In affirming, the Court rejected a host of Second Amendment challenges: 

DeBorba levies challenges to Section 922(g)(5)’s prohibition on firearm possession by noncitizens, the materiality of his false statements and U.S. citizenship claim, Section 922(g)(5)’s prohibition on firearm possession by those subject to a domestic violence restraining order, and the NFA’s regulation of silencers. None are availing. We address each in turn.

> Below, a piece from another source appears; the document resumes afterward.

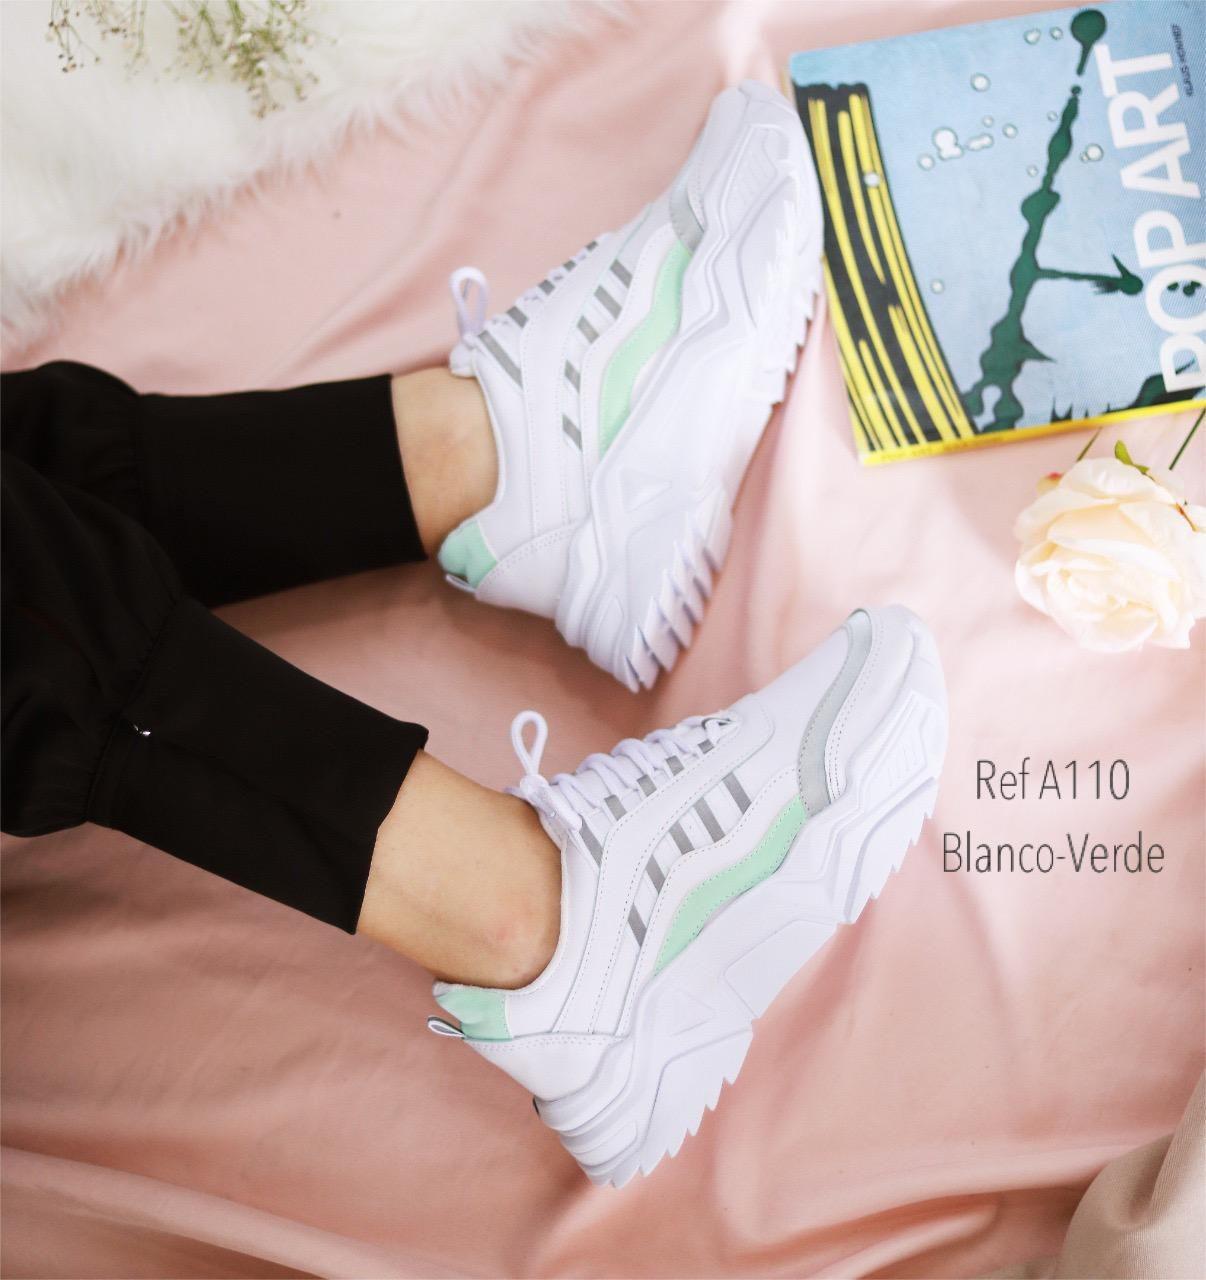 RefA-110 Blanco- verde

Our recent decision in United States v. Vazquez-Ramirez controls DeBorba’s challenges to 18 U.S.C. § 922(g)(5). 163 F.4th 706 (9th Cir. 2026). We held in Vazquez-Ramirez that Section 922’s prohibition on the possession of firearms and ammunition by noncitizens “illegally or unlawfully in the United States,” 18 U.S.C. § 922(g)(5)(A), is “consistent with the nation’s historical tradition of firearm regulation” as required by the Second Amendment.

DeBorba’s materiality challenges to his convictions for making false statements on ATF gun purchase forms and making a false claim to citizenship on his Washington concealed carry application fail because his challenges to Section 922(g)(5) fail. DeBorba concedes that those challenges depend on a holding that the Second Amendment does not allow his disarmament based on citizenship or immigration status. That proposition is foreclosed by Vazquez-Ramirez.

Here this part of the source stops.